I doubt I could ever give you any technical advice on anything, but below you will find a couple of links where I have posted some instructional projects of my own.
I am currently working on another project for my wife who does stained glass and glass fusing. I am constructing a kiln from scratch.
Thanks again. Rare to find someone so willing and happy to help others.
hackster.io/pitg2000
instructables.com/member/pitg2000/
No problem Phil, I am always glad to help and all the best to you. Hope you succeed with the project.
Let me know if you run into any problems.
Swagatam. So I tried the circuit design and I do have some problems, and maybe I am causing them myself. First off, I did not have any 10nf capacitors and I substituted 1nf instead. I also did not have a 20k resistor and substituted a 22k. That having been done I was seeing a 1ms trigger occurring every 8ms.The trigger pulse width was variable as expected. The trigger went from ground to 8vdc, but when I connected it to the SSR it dropped down to 2vdc. Not really knowing exactly how to get the signal strength up above 3vdc required for the SSR, I played around with the series resistor going to the SSR. I managed to get the signal up to 5v. At this point the SSR was turning on and staying on but the voltage output did not vary any when I adjust the phase control.

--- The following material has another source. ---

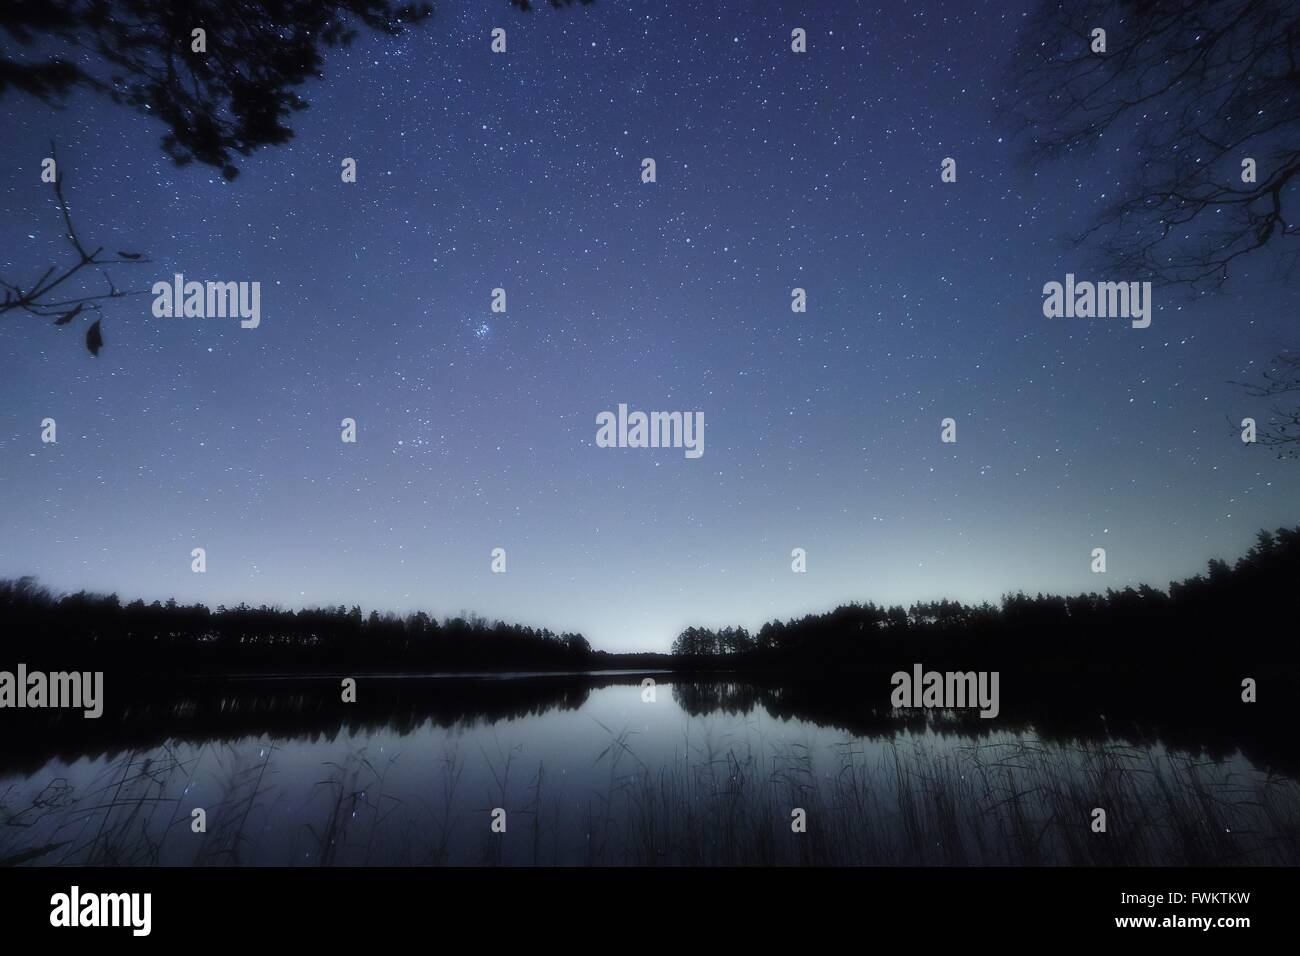 Ruhige Nachtszene mit Sternenhimmel an einem See in Finnland. Reflexion der Sterne auf das Stille Wasser des Sees. Stockfoto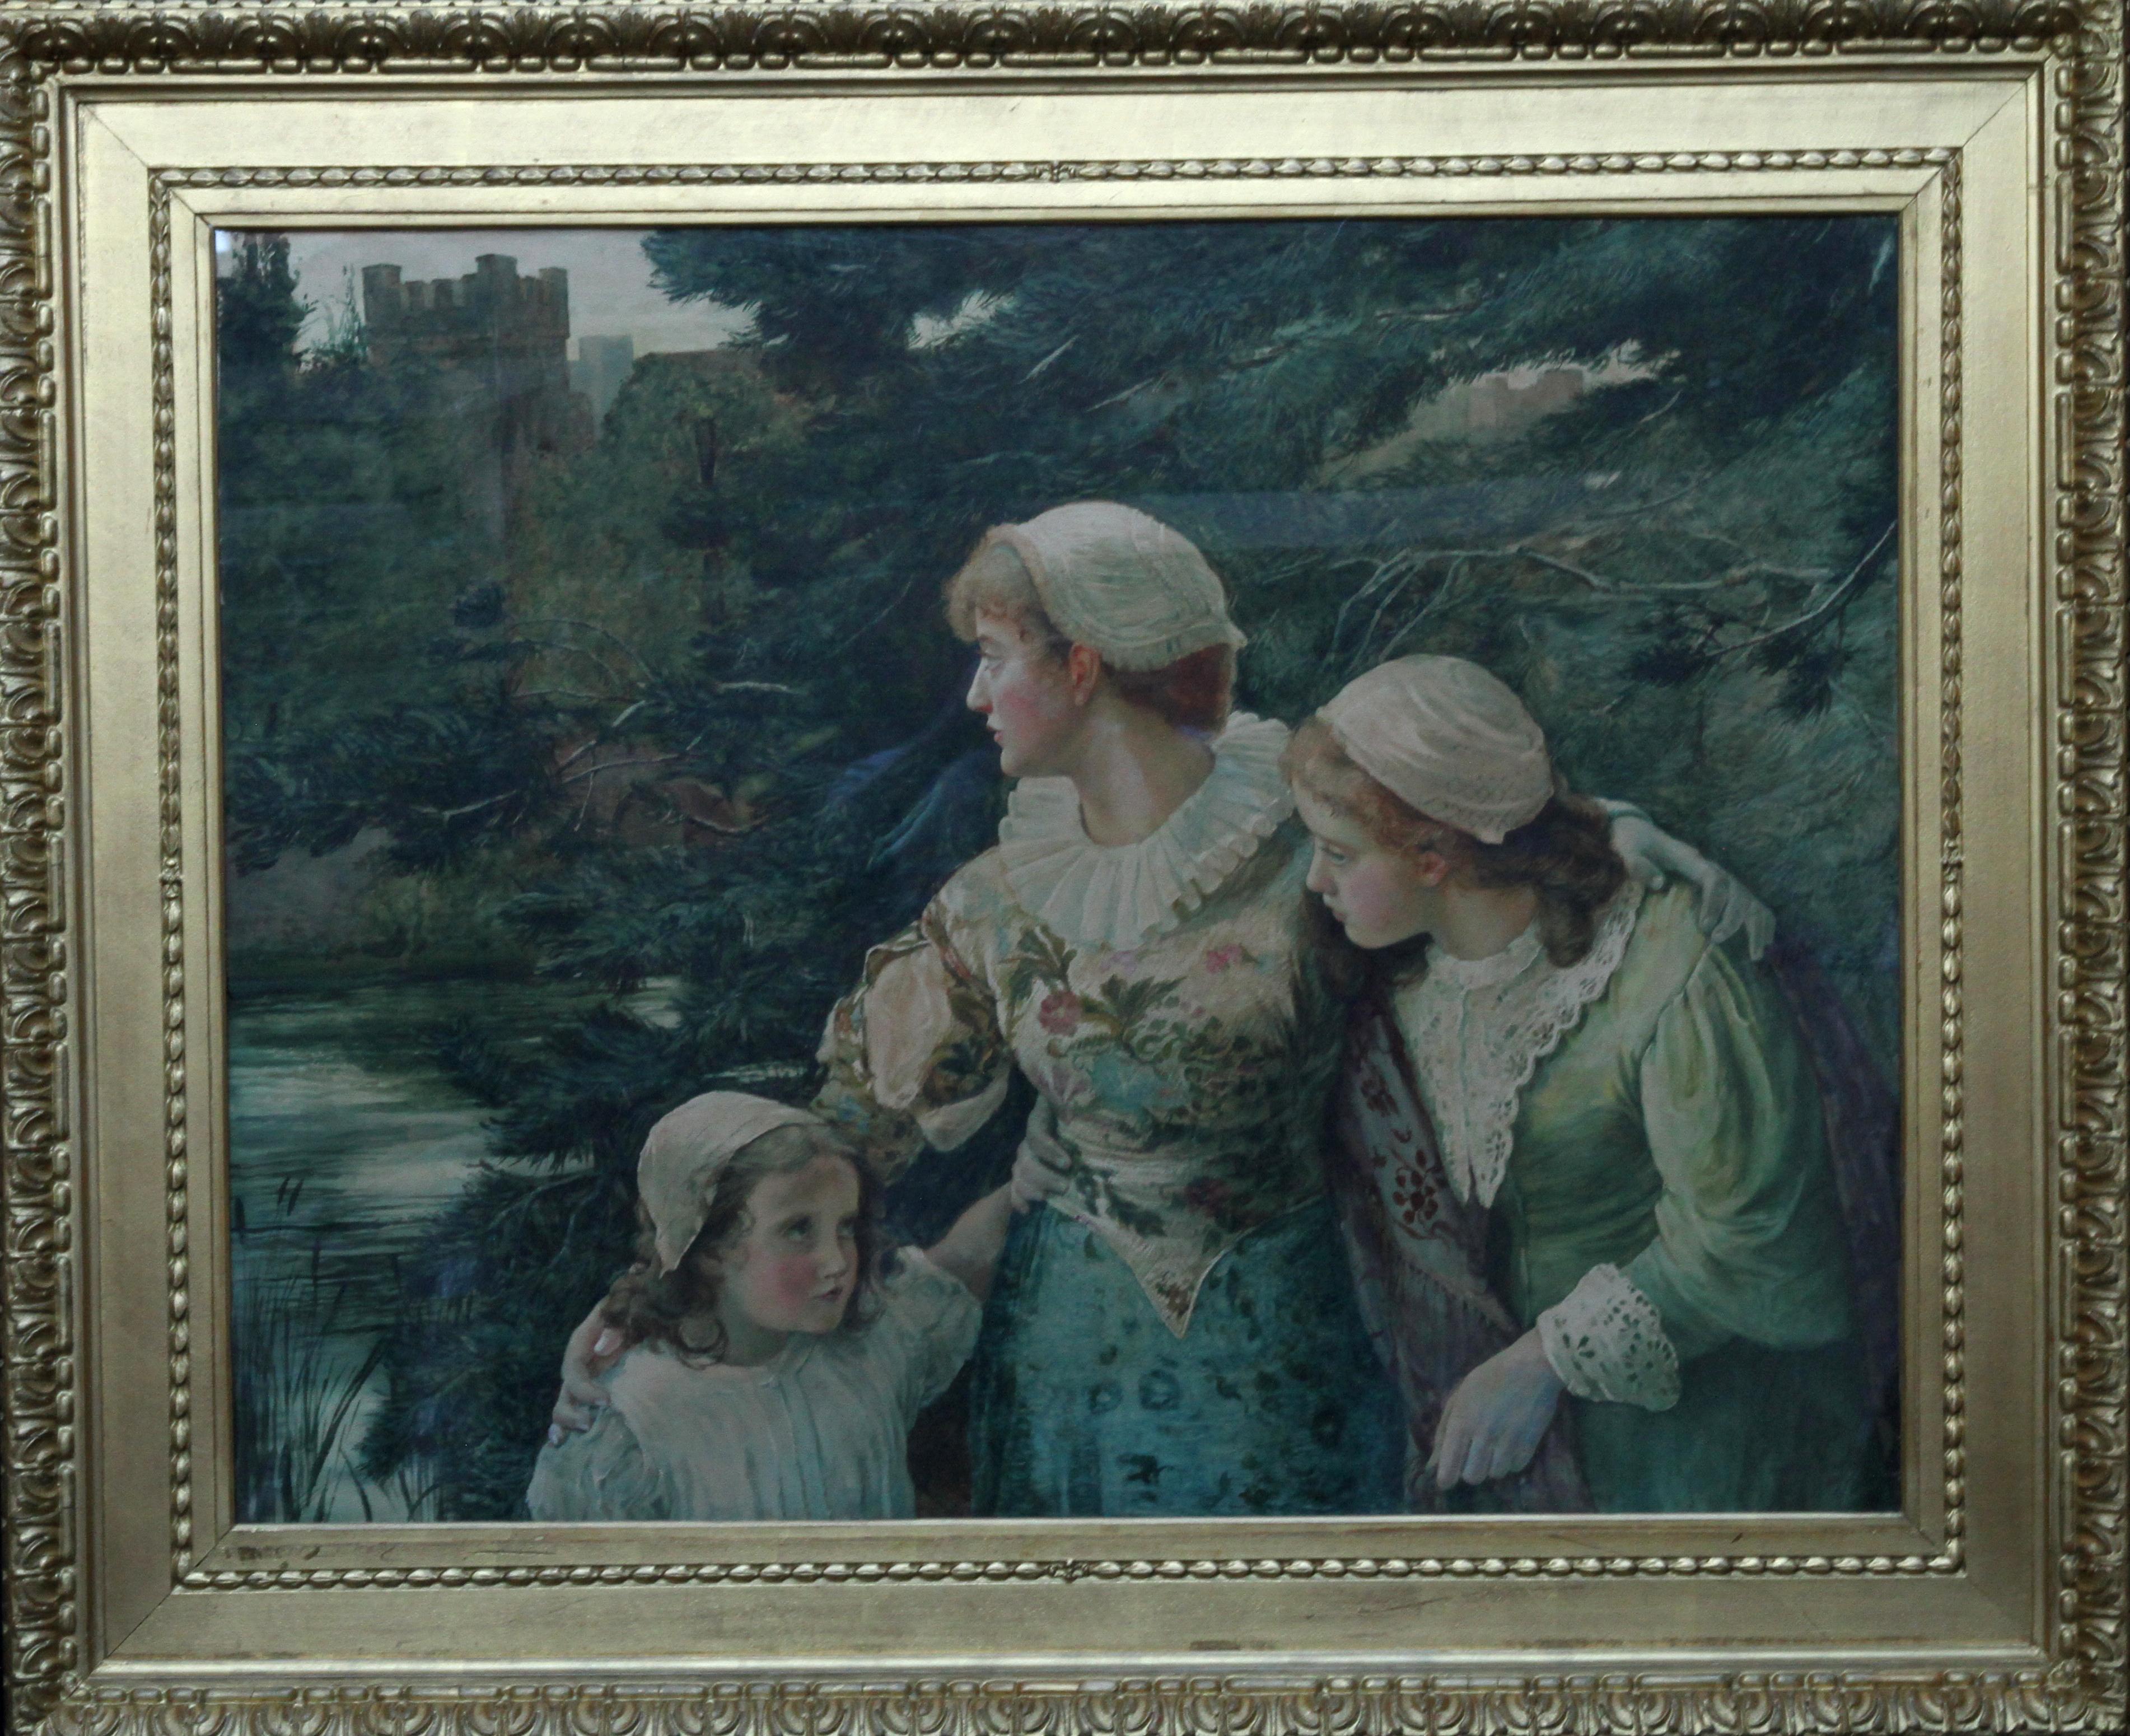 Portrait Marcella M Walker - The Village Maids - L'art victorien britannique a exposé une peinture à l'aquarelle de 1880

I am really confused with this problem I am having because the original control board in the welder is sending almost an identical signal (albeit it goes from ground to 15vdc.) That signal does not turn the SSR on at all! I have tried 2 new Crydom SSRs.
This leads me to ask – don’t the SSRs have a zero crossing already built into them? If that is the case, what happens when you are already sending in a signal that is starting at zero volts? In the case of the original welder control board, it almost looks like the SSR gets turned on and back off at the same time!!
I realize that this is the holiday season so I am not expecting any prompt response. I am retired so every day is Saturday!
Have a nice holiday!
Thank you Phil,
It seems the monostable operation of the 555 IC during the zero crossings is happening correctly.
In that case the SSR must also switch the output at an identical rate. But as you say that is not happening.
Is your SSR built using MOSFETs or triac?
If it is MOSFET based then it should respond to the 1ms ON 8ms OFF time generated by the 555 output. However a triac based SSR may not respond to any PWM generated between the zero crossings and the peak of the AC wave cycles, because the triac will get latched and switch OFF only at the zero crossings, so the 1ms turn OFF after the zero crossing will never turn off the triac.
Regarding the voltage drop, SSRs are supposed to have high input impedance, so the voltage at their input must not drop, that’s strange?
SSRs do have zero crossing, but that is only to safeguard the load from switch ON transients.
However using the 555 circuit, it does not matter whether the SSR has a zero crossing or not because the 555 output will always switch ON the SSR only at the zero crossings.
So, if possible could you buy a MOSFFET based SSR? MOSFETs will not get latched and will respond and instantly turn OFF whenever the input is turned OFF at any point of the AC mains waveform.
Swagatham, so sorry for the late response and a BIG thank you for your repeated help. It appears as though the email address I have been using is not forwarding my messages. I will have to deal with that, so I will give you another email address in this reply.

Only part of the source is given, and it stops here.